→ Assignment
Every entry should be given again exactly, with nothing dropped.

[Saved entries]
::::::
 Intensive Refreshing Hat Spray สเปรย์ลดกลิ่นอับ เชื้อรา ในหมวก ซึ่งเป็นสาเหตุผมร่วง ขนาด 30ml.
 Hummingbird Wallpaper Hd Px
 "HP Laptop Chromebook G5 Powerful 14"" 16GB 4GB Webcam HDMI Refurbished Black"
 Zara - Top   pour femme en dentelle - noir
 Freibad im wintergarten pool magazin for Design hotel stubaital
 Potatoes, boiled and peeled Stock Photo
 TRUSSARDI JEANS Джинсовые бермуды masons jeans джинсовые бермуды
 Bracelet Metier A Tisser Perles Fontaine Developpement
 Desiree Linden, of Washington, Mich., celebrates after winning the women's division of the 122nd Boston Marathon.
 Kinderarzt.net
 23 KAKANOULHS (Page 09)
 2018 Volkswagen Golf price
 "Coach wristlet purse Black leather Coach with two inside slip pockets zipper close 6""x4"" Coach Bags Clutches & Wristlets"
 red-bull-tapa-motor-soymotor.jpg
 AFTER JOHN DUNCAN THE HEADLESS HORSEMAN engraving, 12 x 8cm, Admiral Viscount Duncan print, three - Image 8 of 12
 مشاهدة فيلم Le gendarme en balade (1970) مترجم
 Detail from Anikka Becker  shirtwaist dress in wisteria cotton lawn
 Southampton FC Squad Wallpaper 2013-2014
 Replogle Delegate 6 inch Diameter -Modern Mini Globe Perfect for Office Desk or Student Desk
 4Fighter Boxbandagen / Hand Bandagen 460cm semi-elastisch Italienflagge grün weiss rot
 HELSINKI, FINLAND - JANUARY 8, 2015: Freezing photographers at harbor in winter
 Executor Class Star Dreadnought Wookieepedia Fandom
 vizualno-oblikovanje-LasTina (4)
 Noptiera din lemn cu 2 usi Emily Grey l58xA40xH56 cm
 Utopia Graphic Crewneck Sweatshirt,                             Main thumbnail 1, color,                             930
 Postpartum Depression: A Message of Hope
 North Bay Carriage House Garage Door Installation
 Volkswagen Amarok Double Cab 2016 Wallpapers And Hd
::::::
→ Exercise output
 Intensive Refreshing Hat Spray สเปรย์ลดกลิ่นอับ เชื้อรา ในหมวก ซึ่งเป็นสาเหตุผมร่วง ขนาด 30ml.
 Hummingbird Wallpaper Hd Px
 "HP Laptop Chromebook G5 Powerful 14"" 16GB 4GB Webcam HDMI Refurbished Black"
 Zara - Top   pour femme en dentelle - noir
 Freibad im wintergarten pool magazin for Design hotel stubaital
 Potatoes, boiled and peeled Stock Photo
 TRUSSARDI JEANS Джинсовые бермуды masons jeans джинсовые бермуды
 Bracelet Metier A Tisser Perles Fontaine Developpement
 Desiree Linden, of Washington, Mich., celebrates after winning the women's division of the 122nd Boston Marathon.
 Kinderarzt.net
 23 KAKANOULHS (Page 09)
 2018 Volkswagen Golf price
 "Coach wristlet purse Black leather Coach with two inside slip pockets zipper close 6""x4"" Coach Bags Clutches & Wristlets"
 red-bull-tapa-motor-soymotor.jpg
 AFTER JOHN DUNCAN THE HEADLESS HORSEMAN engraving, 12 x 8cm, Admiral Viscount Duncan print, three - Image 8 of 12
 مشاهدة فيلم Le gendarme en balade (1970) مترجم
 Detail from Anikka Becker  shirtwaist dress in wisteria cotton lawn
 Southampton FC Squad Wallpaper 2013-2014
 Replogle Delegate 6 inch Diameter -Modern Mini Globe Perfect for Office Desk or Student Desk
 4Fighter Boxbandagen / Hand Bandagen 460cm semi-elastisch Italienflagge grün weiss rot
 HELSINKI, FINLAND - JANUARY 8, 2015: Freezing photographers at harbor in winter
 Executor Class Star Dreadnought Wookieepedia Fandom
 vizualno-oblikovanje-LasTina (4)
 Noptiera din lemn cu 2 usi Emily Grey l58xA40xH56 cm
 Utopia Graphic Crewneck Sweatshirt,                             Main thumbnail 1, color,                             930
 Postpartum Depression: A Message of Hope
 North Bay Carriage House Garage Door Installation
 Volkswagen Amarok Double Cab 2016 Wallpapers And Hd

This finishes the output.